Getting this error when performing make:
执行时出现此错误:
$ make
cc -O2 -g src/bittwist.c -o src/bittwist -I/usr/local/include -L/usr/local/lib -lpcap
cc -O2 -g src/bittwiste.c -o src/bittwiste -I/usr/local/include -L/usr/local/lib -lpcap
src/bittwiste.c: In function ‘main’:
src/bittwiste.c:99:21: warning: format ‘%x’ expects argument of type ‘unsigned int *’, but argument 3 has type ‘u_char *’ [-Wformat=]

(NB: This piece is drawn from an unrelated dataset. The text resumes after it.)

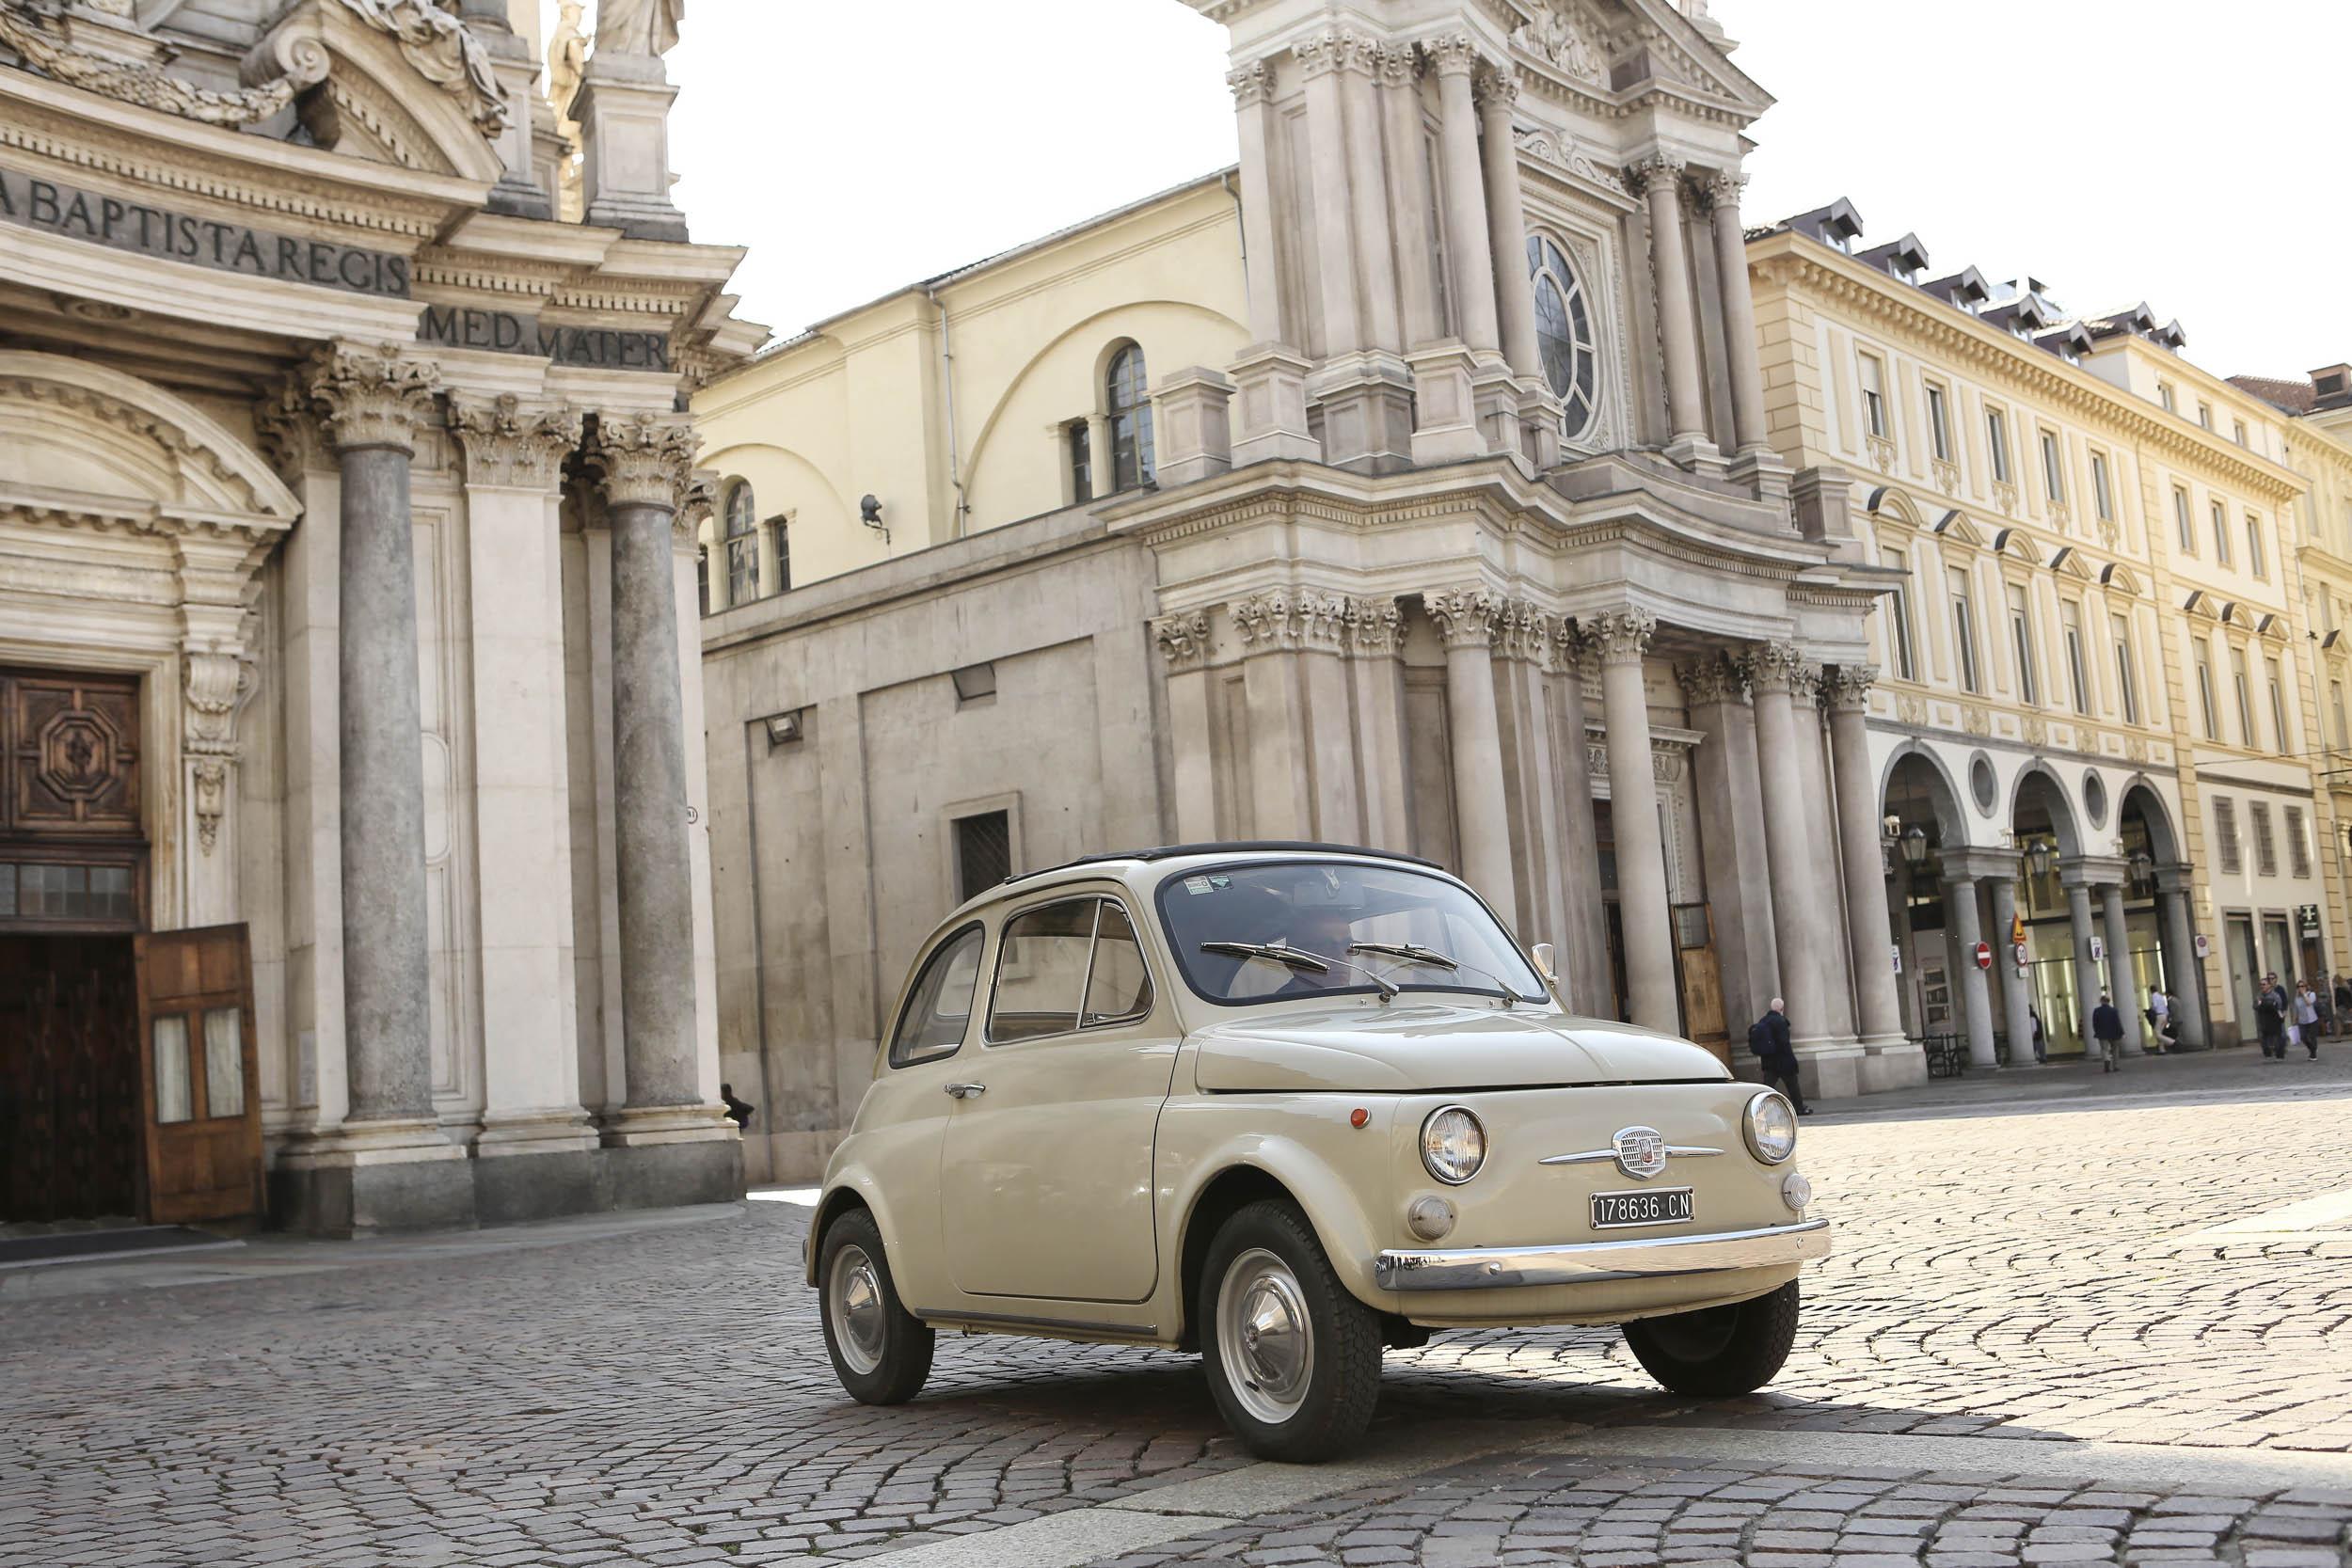 FIAT 500 F in Italy
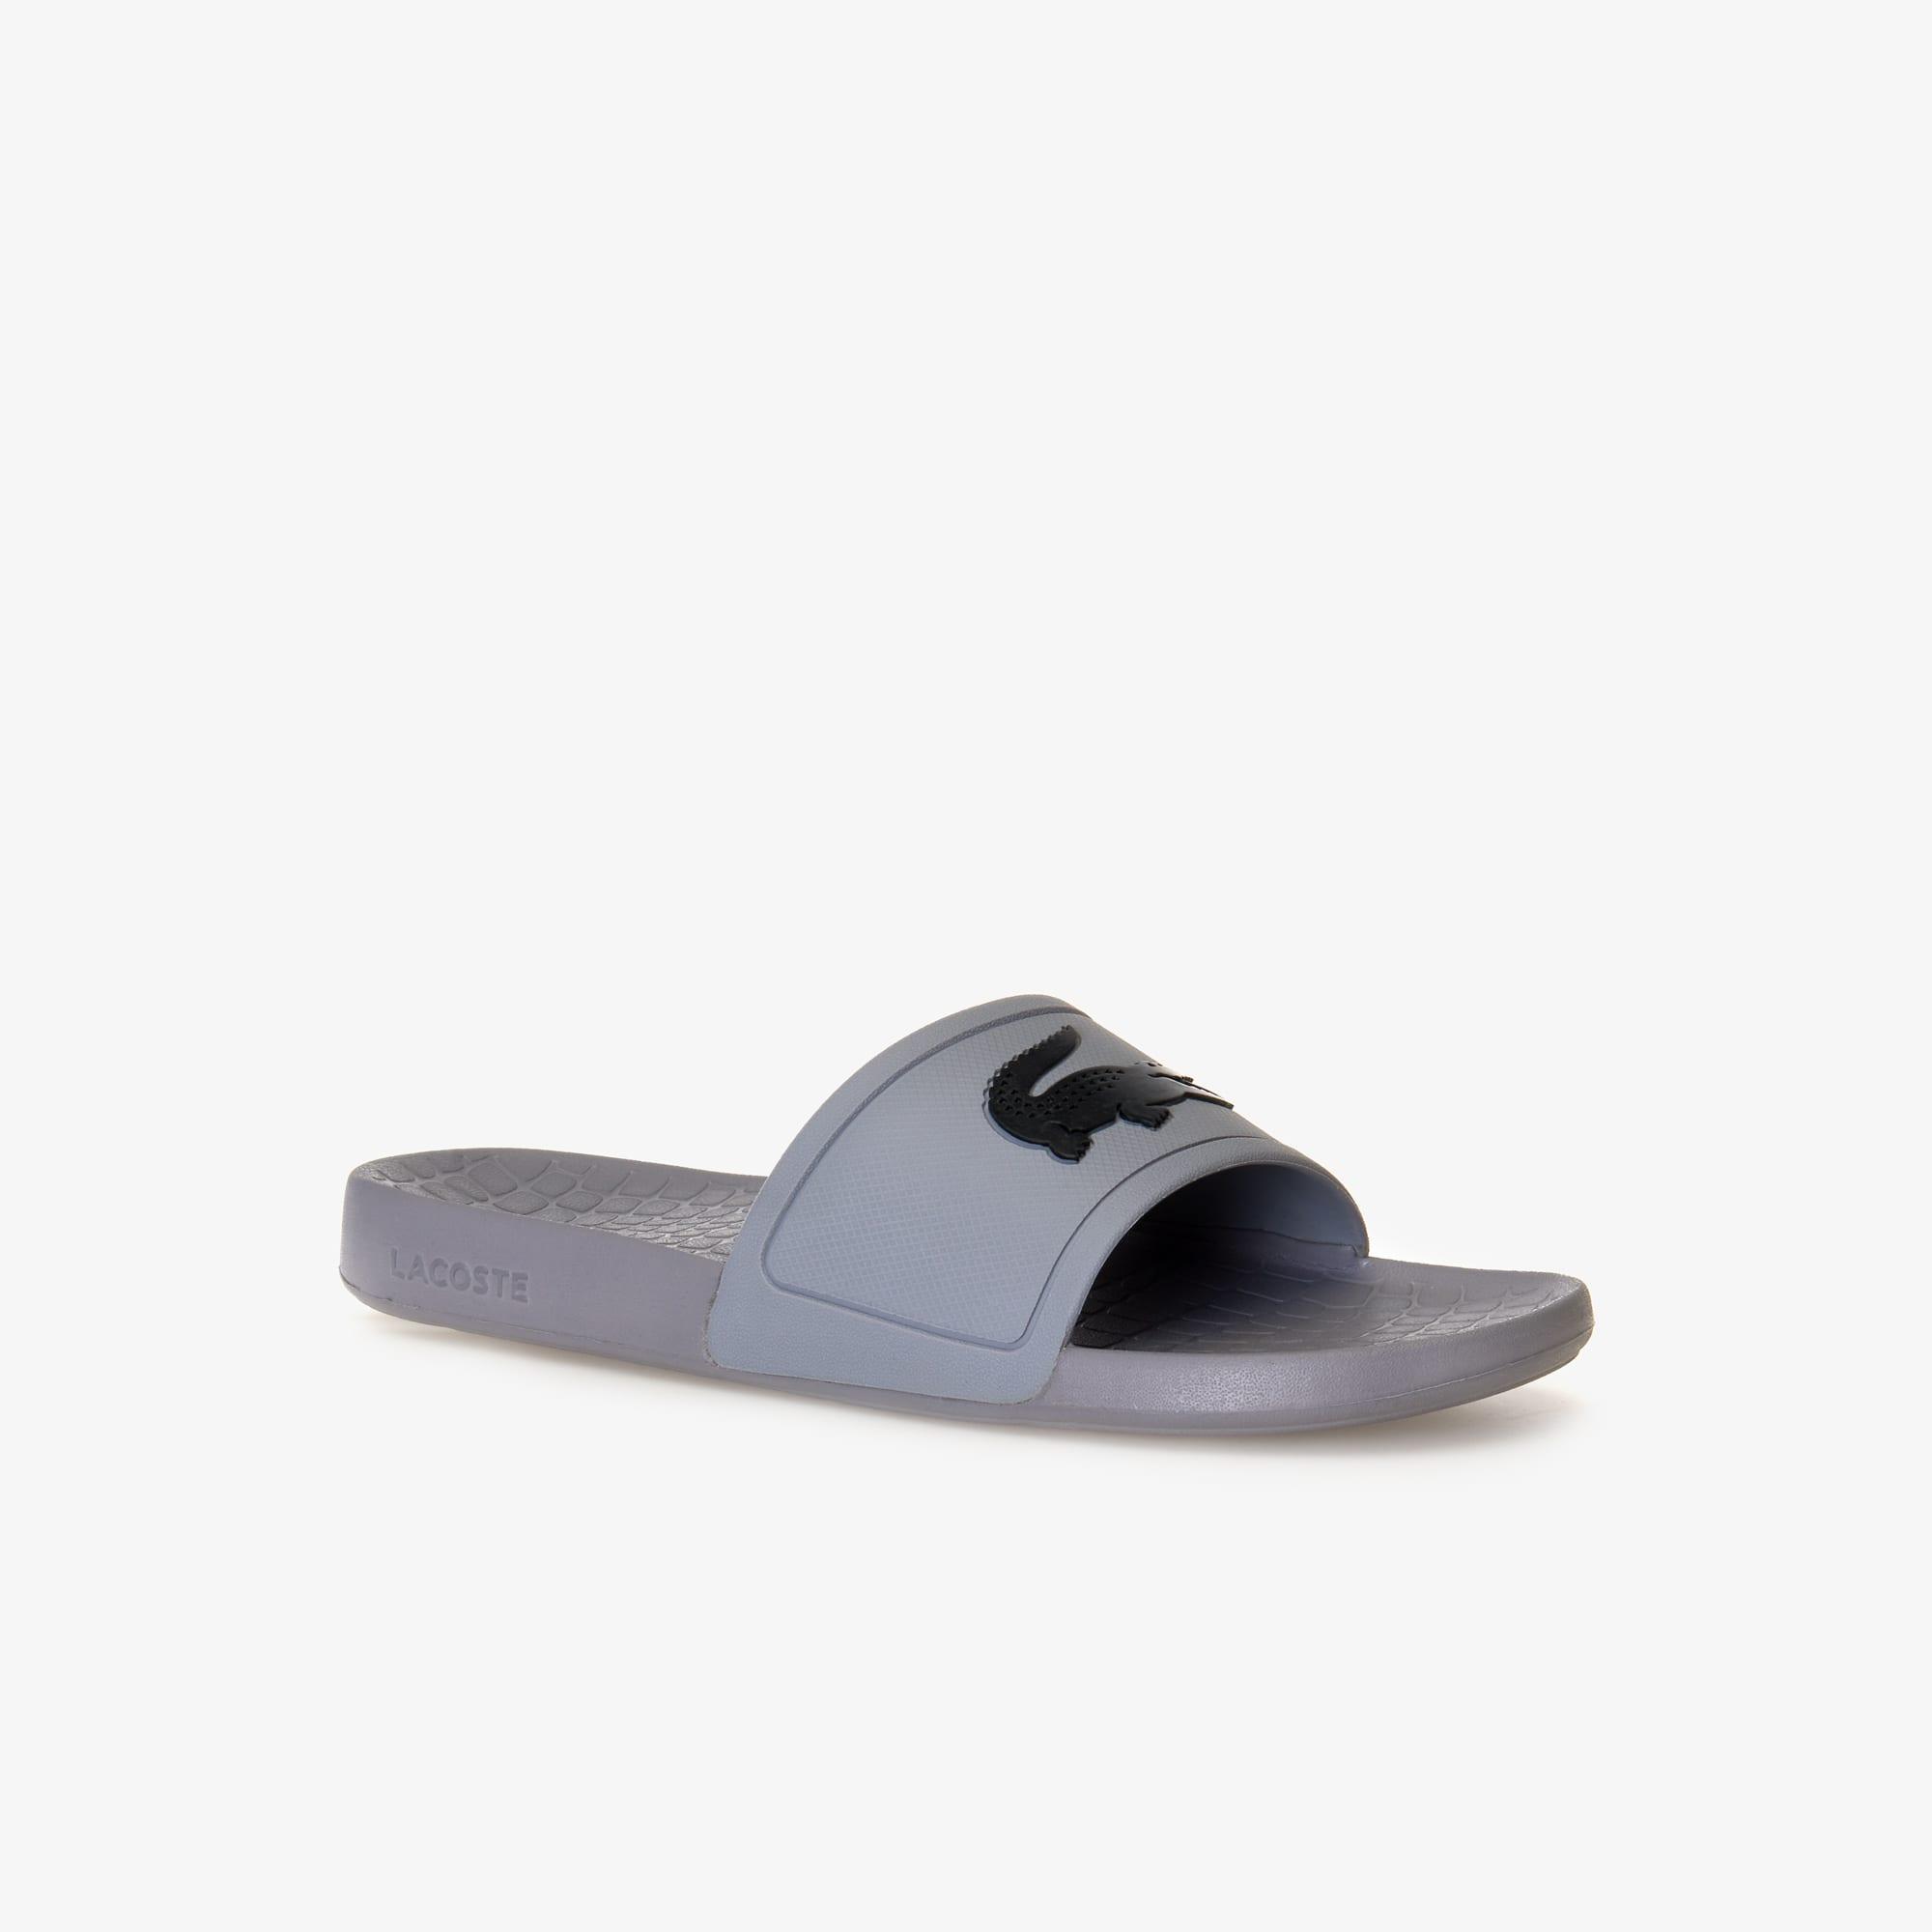 2ae02f4cf Men s Shoes

sscanf(optarg, "%02x", &payload_opt[i]);
^
Here is the code:
这是代码:
payload_len_opt = (u_short)c / 2; / possible resizing in editing functions /
payload_opt = (u_char *)malloc(sizeof(u_char) *payload_len_opt);
if (payload_opt == NULL)
error("malloc(): cannot allocate memory for payload_opt"); / make a byte of data from every 2 characters of optarg /
for (i = 0; i < payload_len_opt; i++) {
/ ugly - let me know if there is a better way to achieve this /
sscanf(optarg, "%02x", &payload_opt[i]);
I'm using Ubuntu 14.04.2 LTS
我使用Ubuntu 14.04.2 LTS。
1 个解决方案
#1
3
First, in your code
首先,在您的代码中
payload_opt = (u_char )malloc(sizeof(u_char) payload_len_opt);
looks very wrong, because
看起来非常错误的,因为
-
Standard Warning : Please do not cast the return value of
malloc()and family inC. Ifu_charis not of a pointer type, you're into deep trouble. So, better, don't cast at all. It is not at all required.标准警告:请不要将malloc()和家庭的返回值转换为c。如果u_char不是指针类型,则会陷入严重的麻烦。所以,最好不要打石膏。这根本不需要。
-
Even in case, your
u_charis a pointer type, maybe a typedef tounsigned char *, you're missing a multiplication (*) operator there. inc,sizeof(char)is guaranteed to be1, so you can just write即使是这样,您的u_char也是一个指针类型,可能是一个未签名的char *类型,您缺少一个乘法(*)操作符。在c中,sizeof(char)被保证为1,所以您可以只写。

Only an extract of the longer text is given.